# PROBLEM DETAILS
Could you restate word for word every line from the one containing "uxcell Uxcell 8mm" to the end of the data below, pictures excluded?

# RECORDED DATA
BEGIN

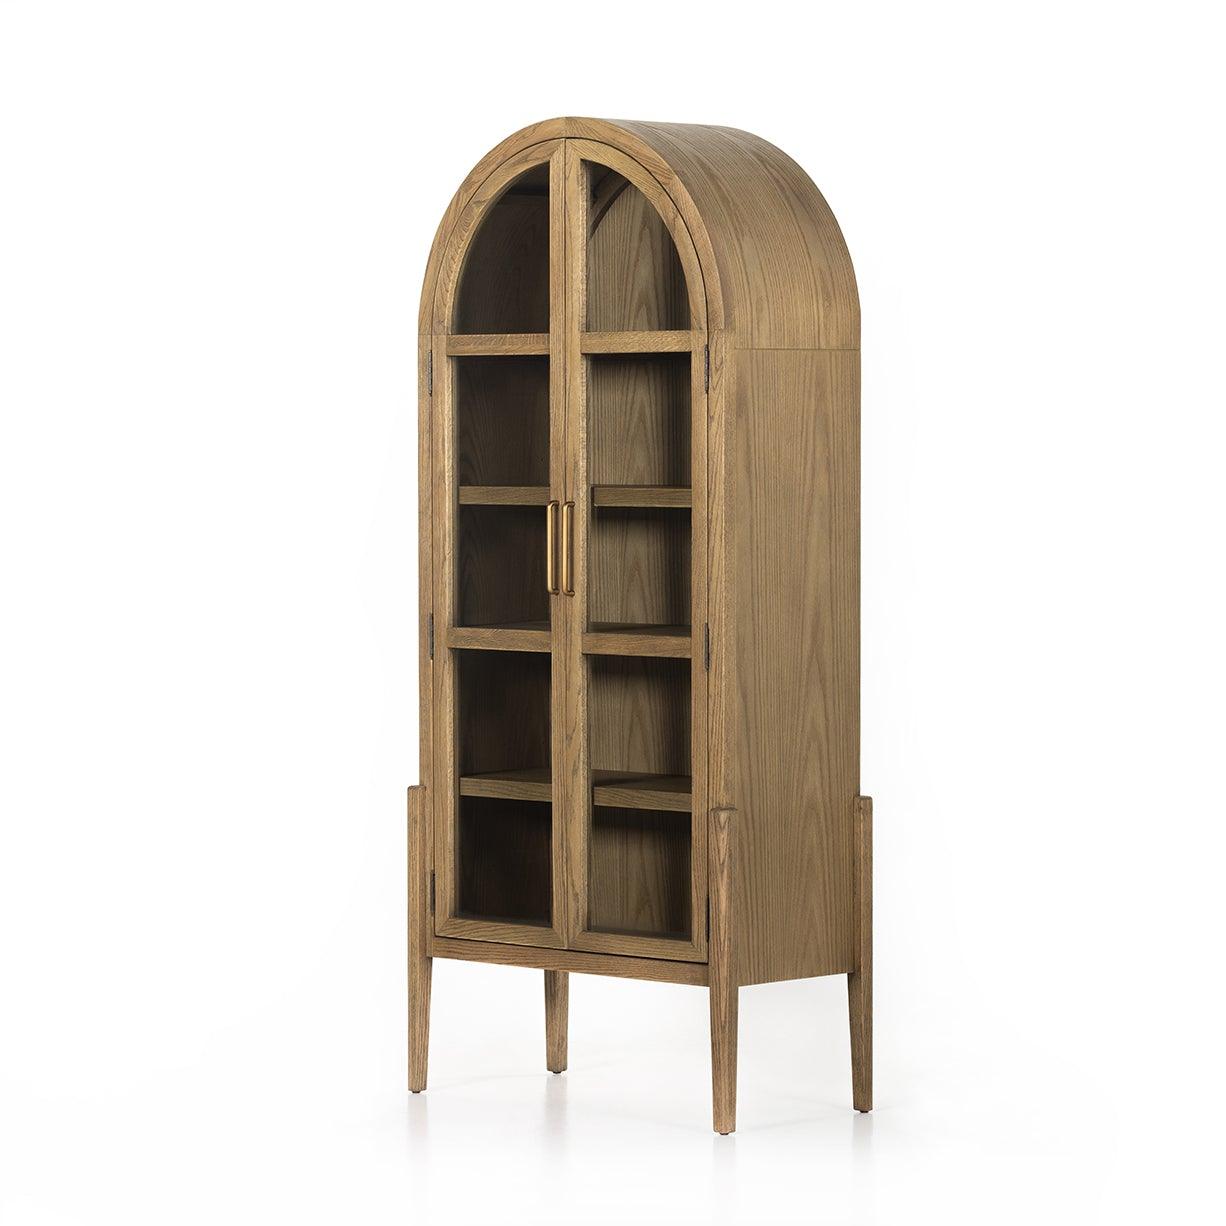 Tolle Drifted Oak Cabinet - Reimagine Designs - Bookcases, cabinet, new
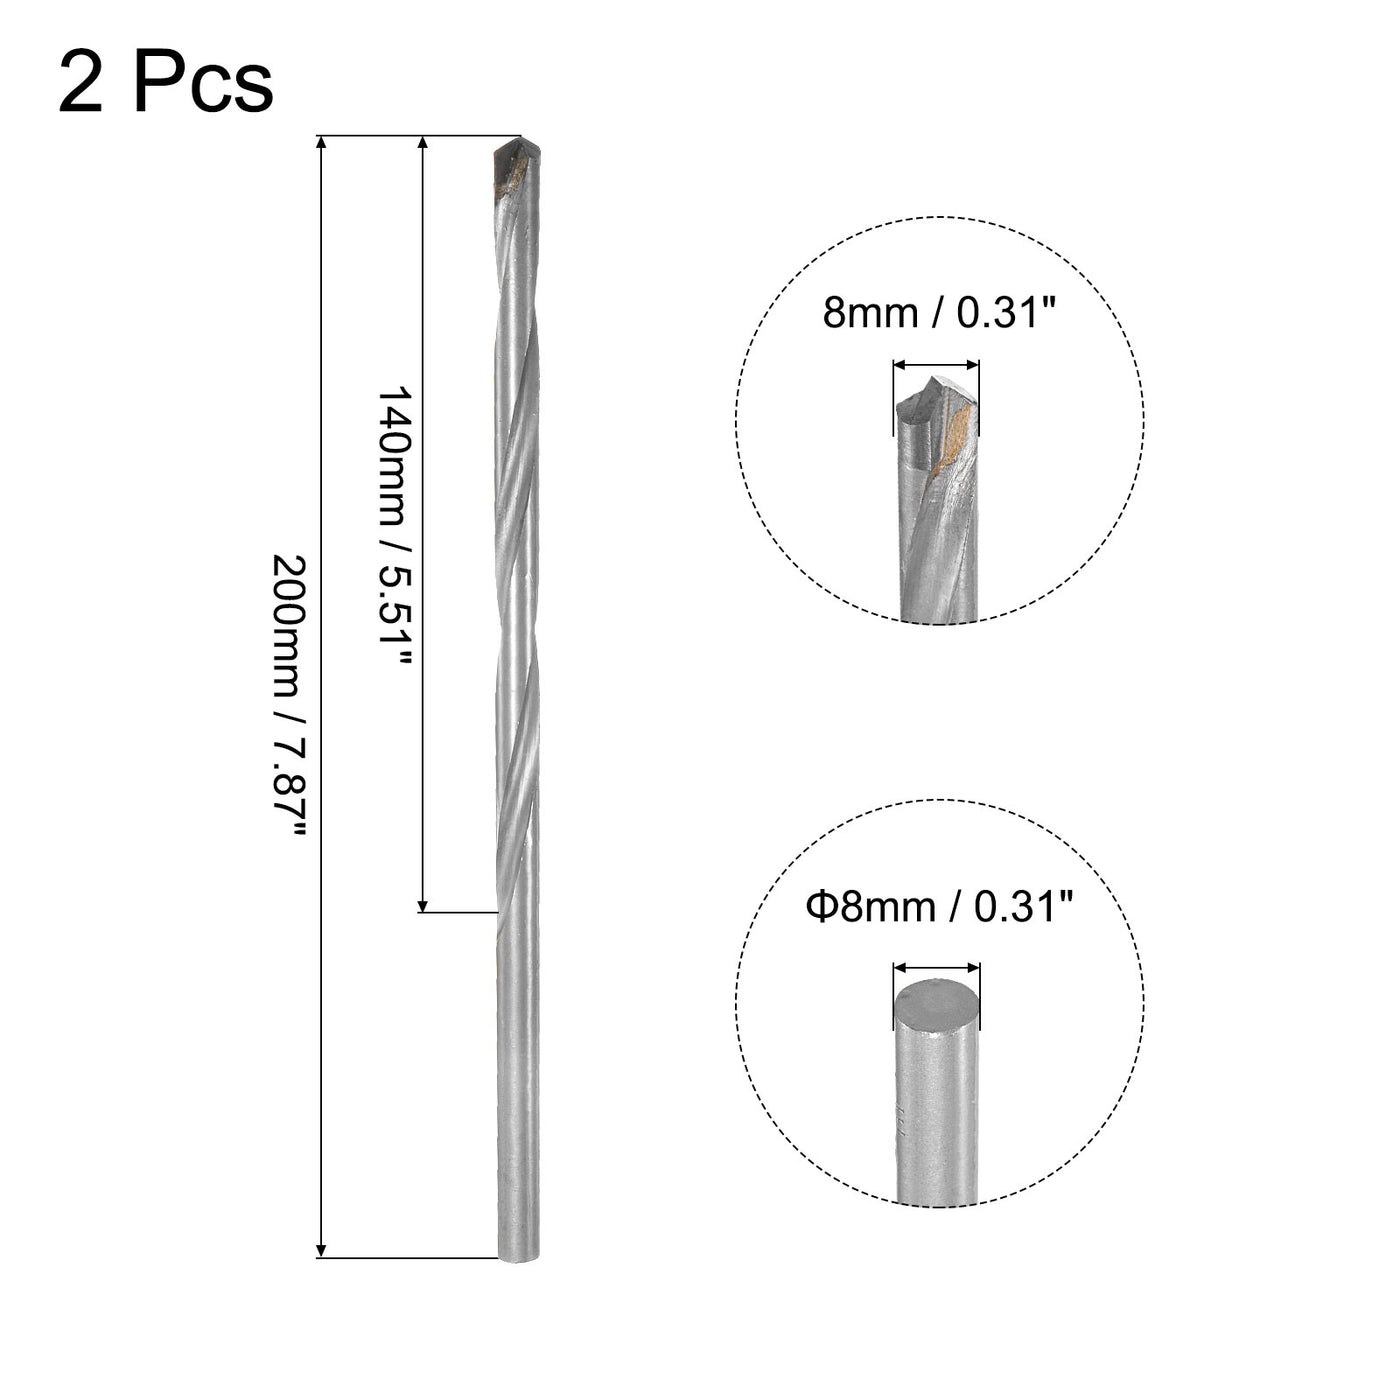 uxcell Uxcell 8mm Cutting Dia Round Shank Cemented Carbide Twist Drill Bit, 200mm Length 2 Pcs
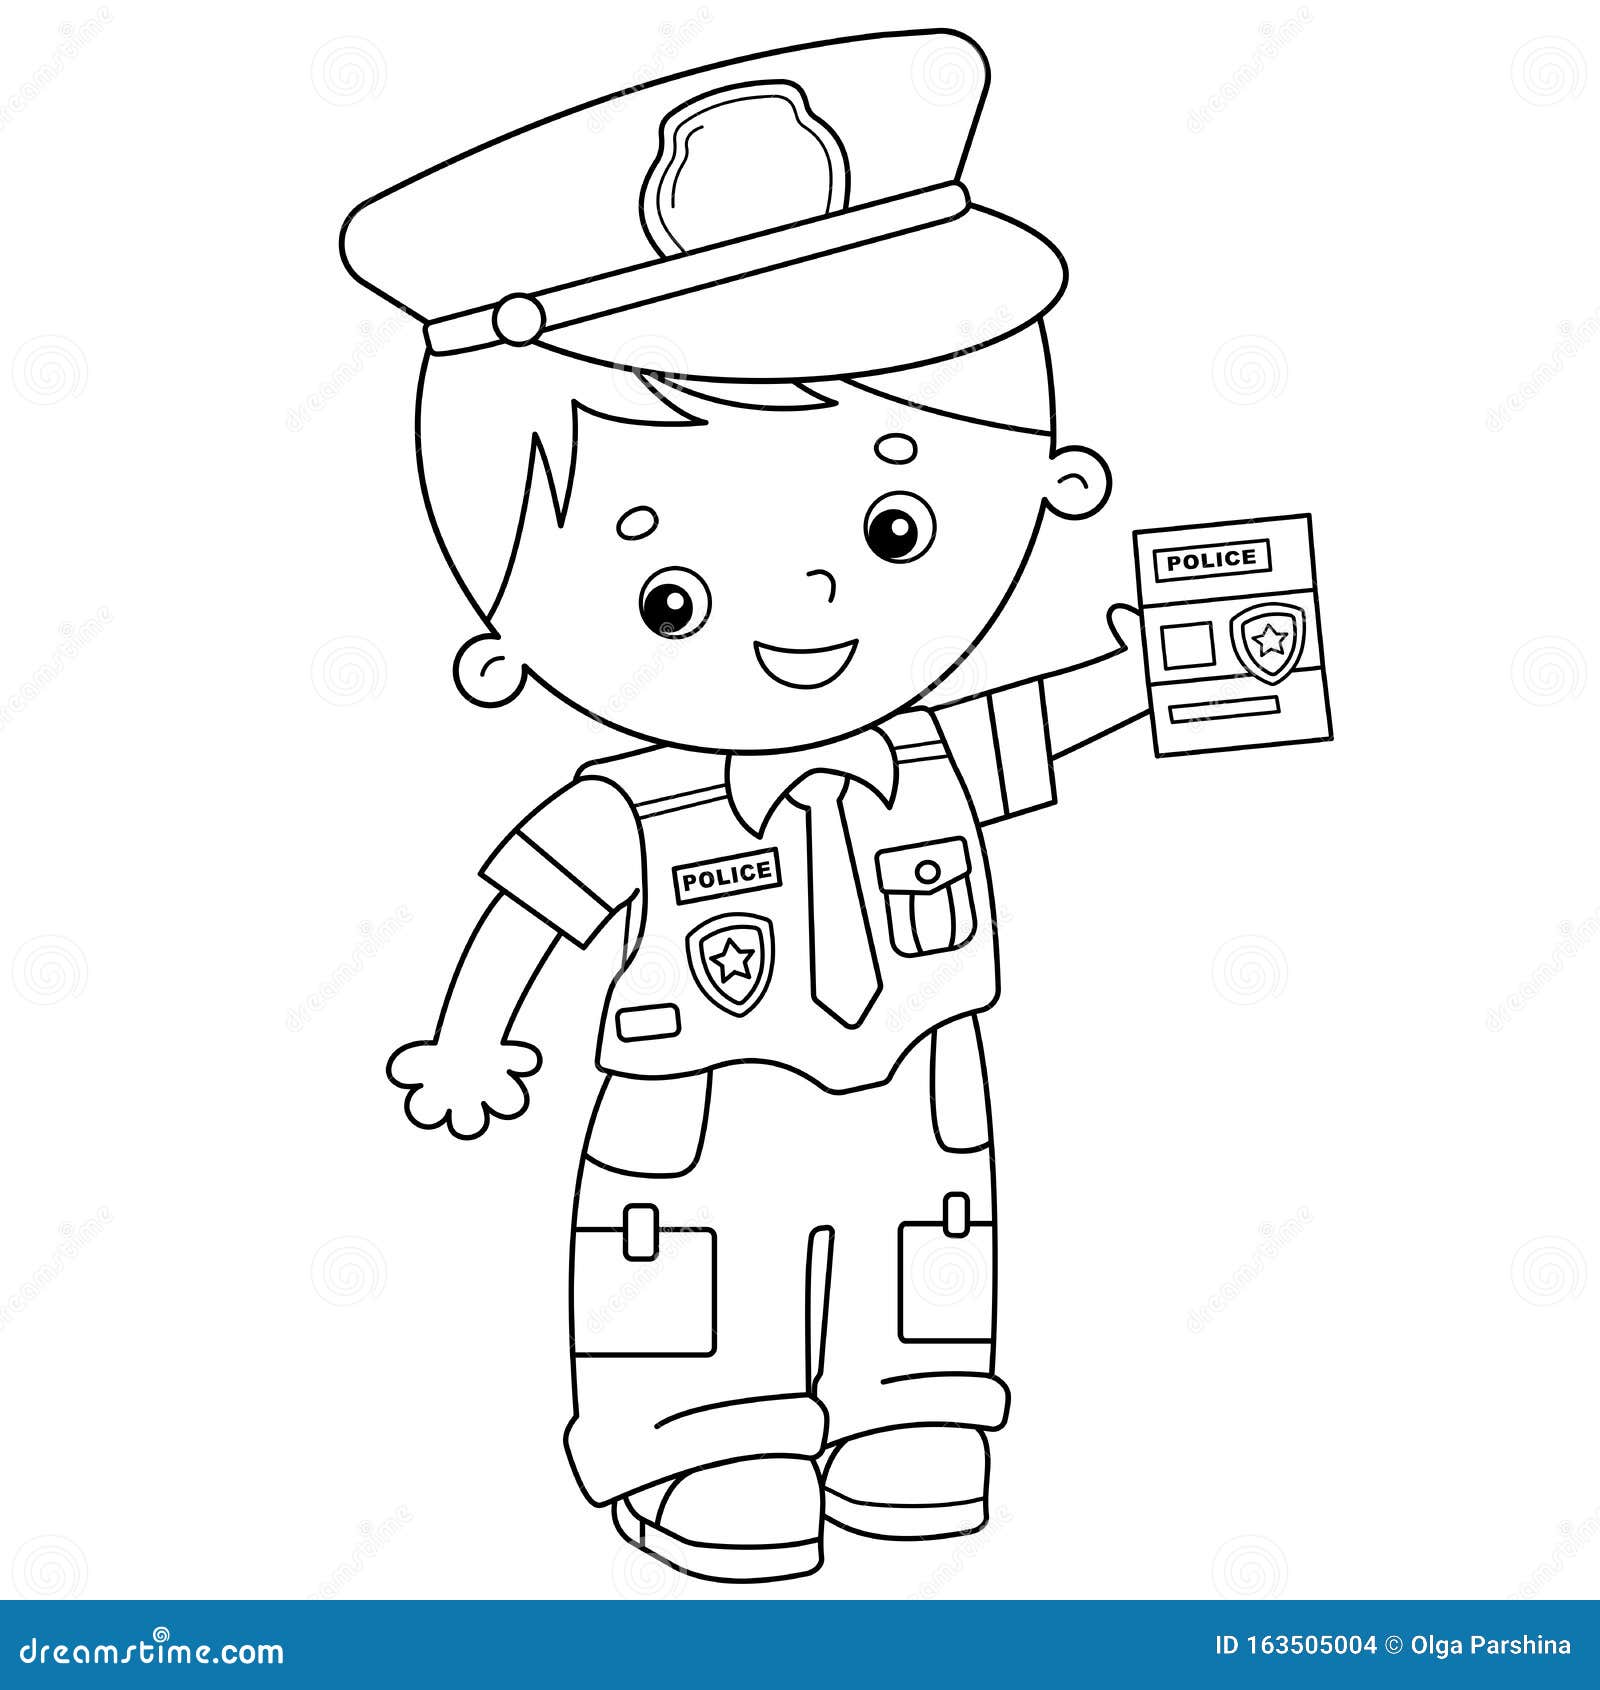 Coloring page outline of cartoon policeman profession
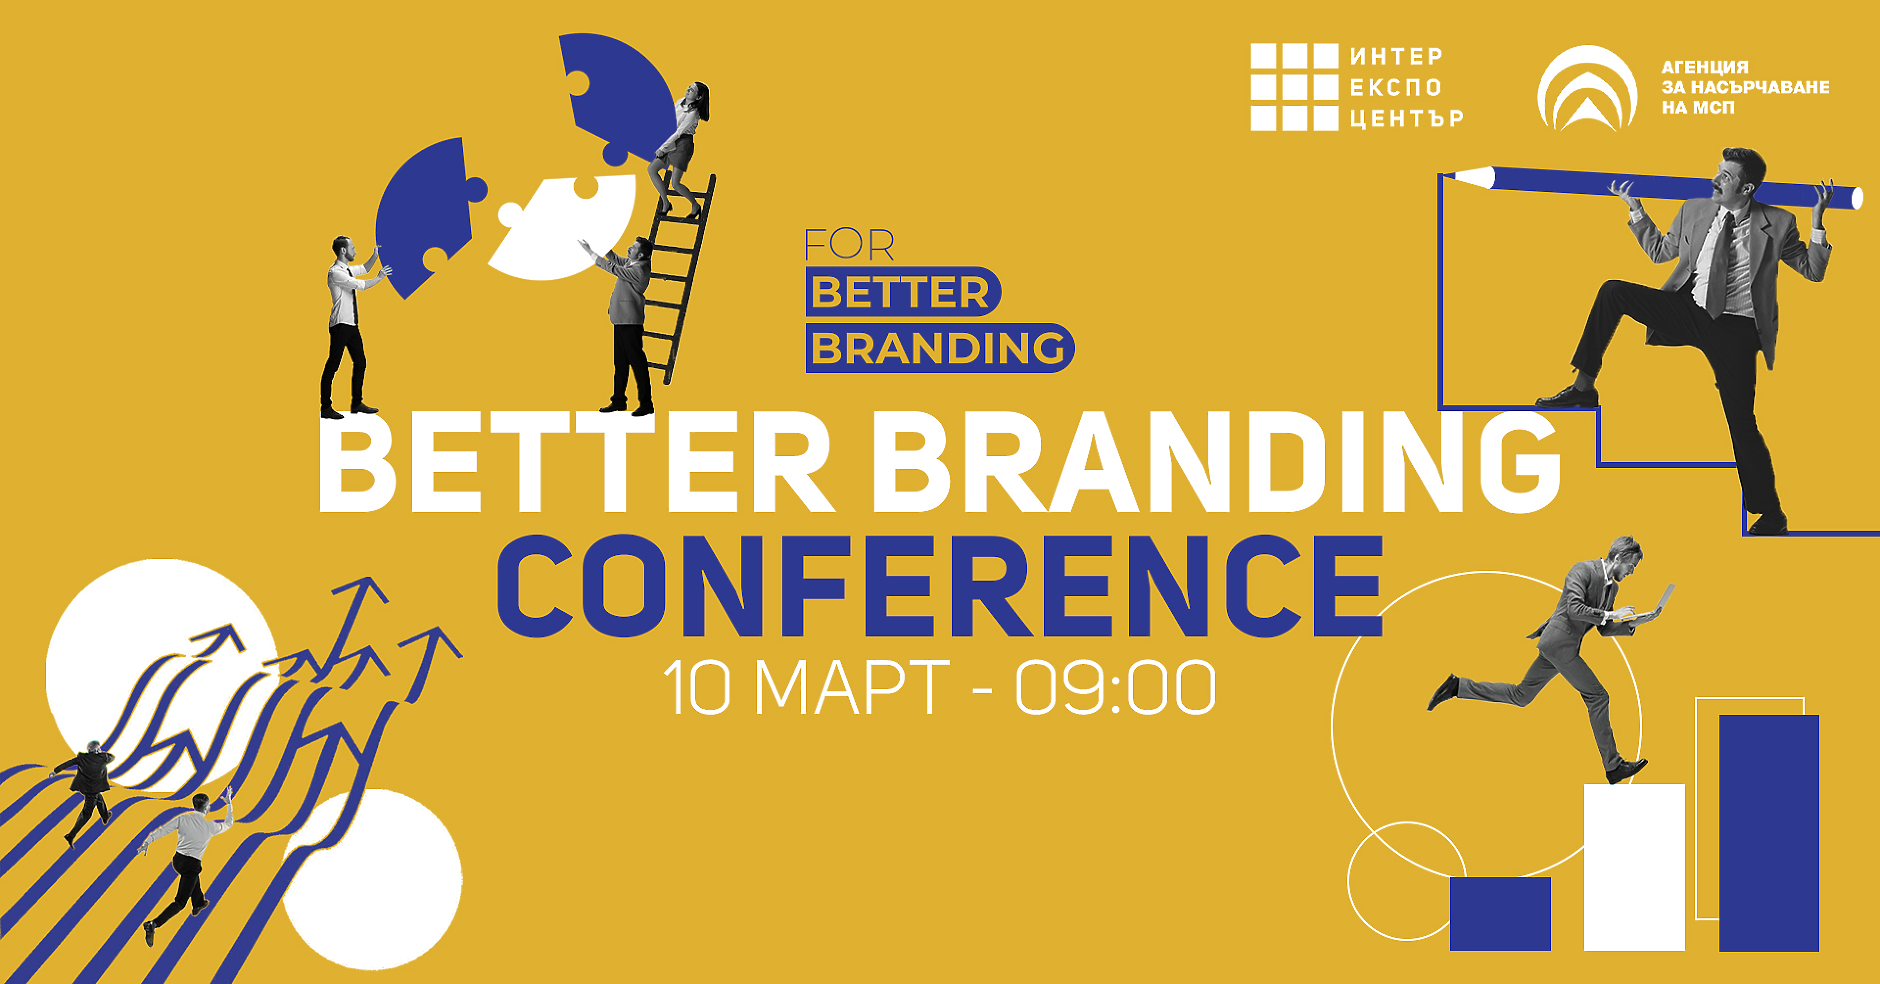 For Better Branding Conference предстои през март

END

# RESULT FOR THIS EXERCISE
 uxcell Uxcell 8mm Cutting Dia Round Shank Cemented Carbide Twist Drill Bit, 200mm Length 2 Pcs
 Coloring page outline of cartoon policeman profession
 For Better Branding Conference предстои през март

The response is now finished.